The stored data table sample

This table was used to analyze the content of the conversation across sessions and role-to-role exchanges with time. We used natural language processing in Python for analyzing the text which includes cleaning, processing, and analyzing the text. This helped us to build the text corpus for analysis and visualizations. The following steps helped in cleaning the data:

  • Tokenization—The process of splitting the sentences into good words or tokens. It lays the foundation for the next steps of cleansing.

  • Elimination of stop words—The process of removing words that mean little; these are usually words that occur very frequently. Apart from using the libraries in Python for stop word removal, we also defined our list of contextual stop words libraries that were considered unimportant for this model.

  • Lemmatization and stemming—Lemmatization and stemming convert a word into its root form. For example, for the words “running” and “runs”, the stem of both words is run. Thus, after we stemmed, these words would be grouped together and retain the same meaning for the model even though they had different forms.

  • Sentence segmentation—We split the unstructured spoken text into different sentences, which helped the model understand the boundaries of the long text to make it more semantically distinct.

  • Vectorization—Since we cannot input plain words into a model and expect it to learn from it, we had to vectorize the words. We encoded words using high-dimensional vectors where the different dimensions of vectors represent the latent meaning of the words. Therefore, the vectorized version of words would be useful later while generating bigrams (two-word combinations appearing together), trigrams (three-word combinations appearing together), and topic modeling based on the keywords or grouping semantically similar keywords.

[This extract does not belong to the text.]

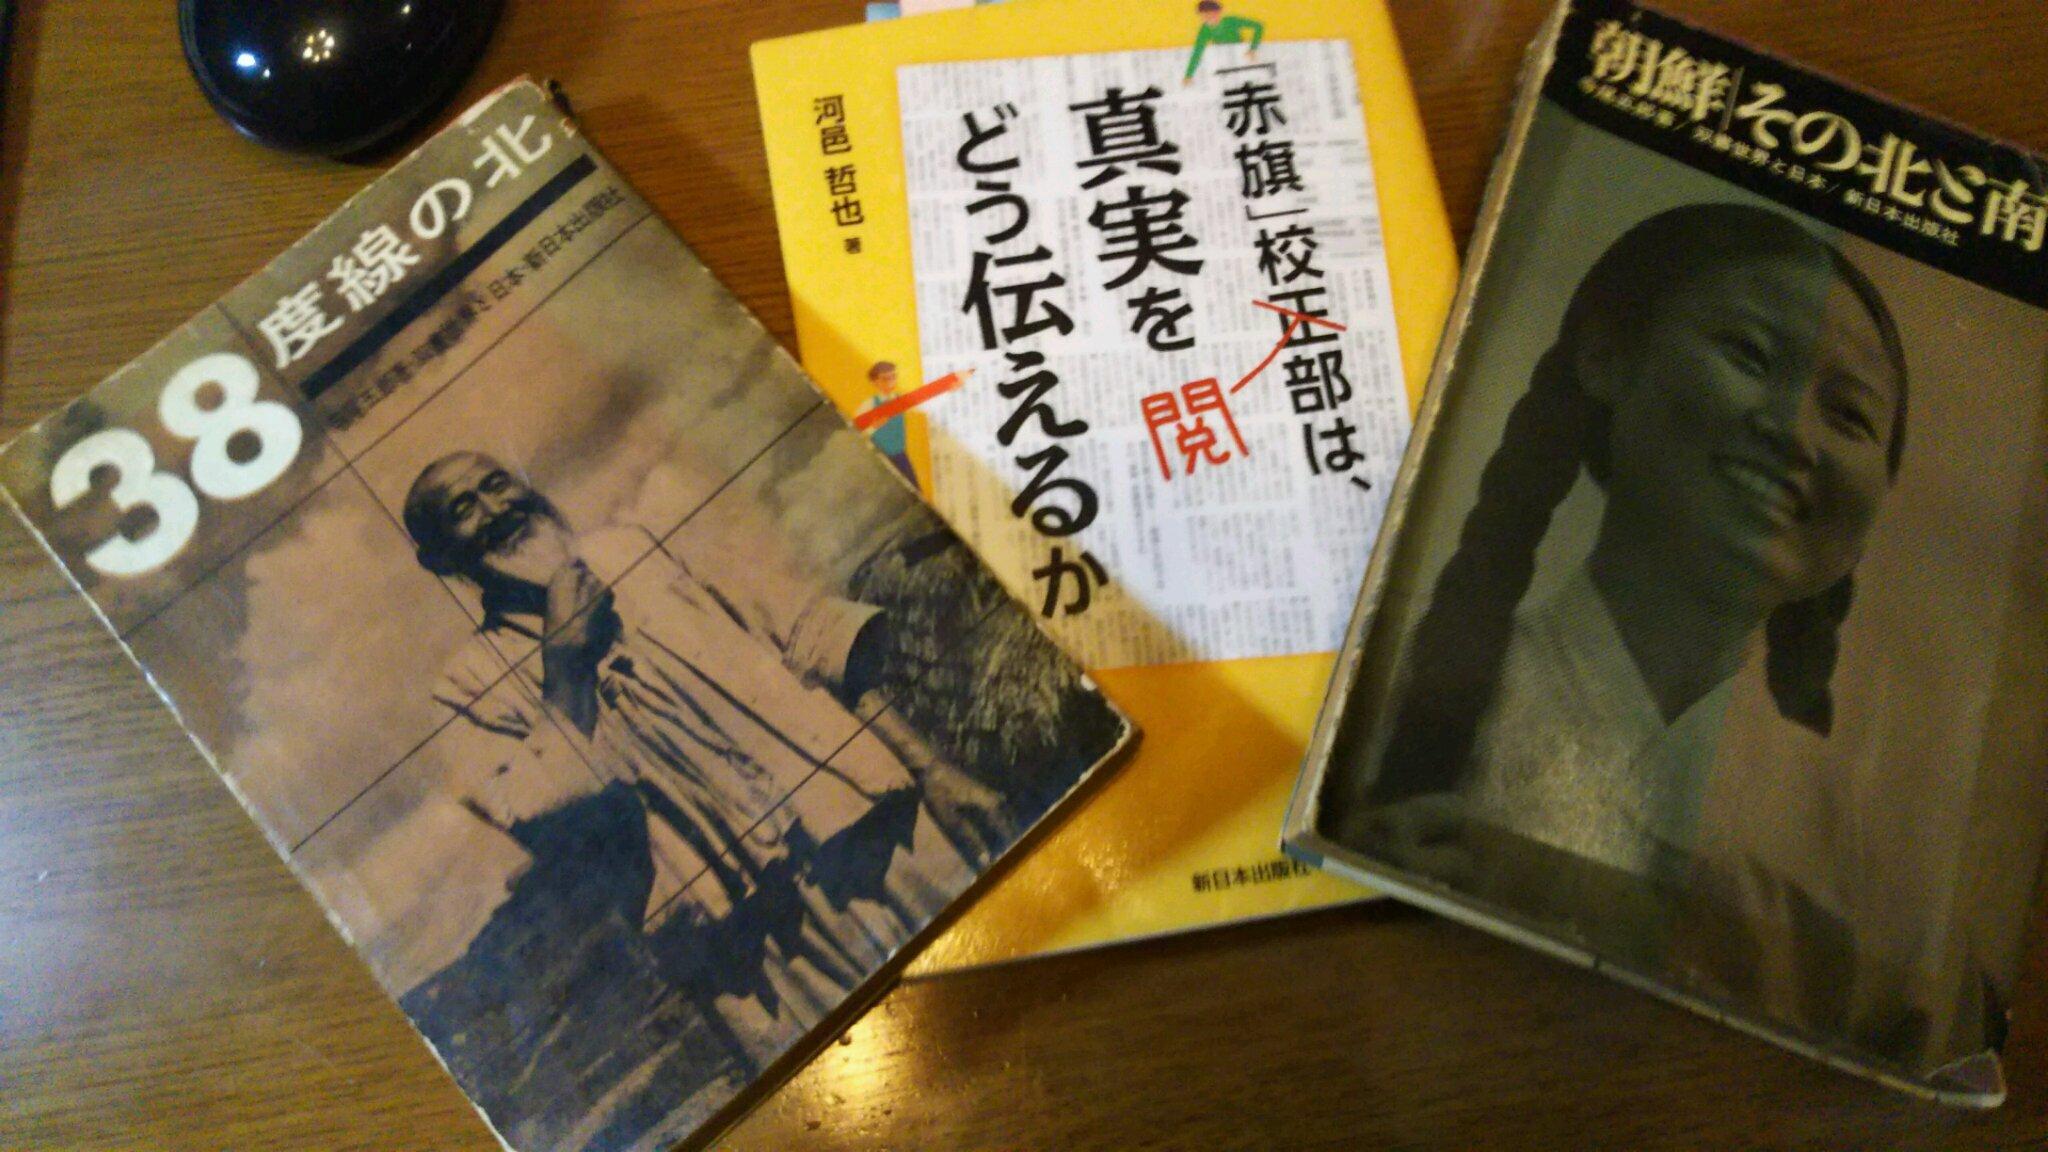 DSC_0230 赤旗校閲部長の本と寺尾五郎の本。

The processed data can be used to generate different analytics and visualizations to get insights about the collaboration processes during collaborative game design.

5 Toward Collaboration Quality Detection: From Analytics to Visualizations

First, we do an exploratory analysis and visualization on the processed text data. We use topic modeling with Latent Dirichlet Allocation and Latent Semantic Indexing and then visualize the representative keywords showing different topics in one phase of one session where the main discussion is supposed to be about technology. Figures 6.4, 6.5, and 6.6 show an overview of the topics.

Fig. 6.4
An illustration of a cluster of multiple words in different sizes and shades. The words are in a foreign language.

Topic 1: Interaction technologies

Fig. 6.5
An illustration of a cluster of multiple words in different sizes and shades. The words are in a foreign language.

Topic 2: Using moodle for assignments

Fig. 6.6
An illustration of a cluster of multiple words in different sizes and shades. The words are in a foreign language.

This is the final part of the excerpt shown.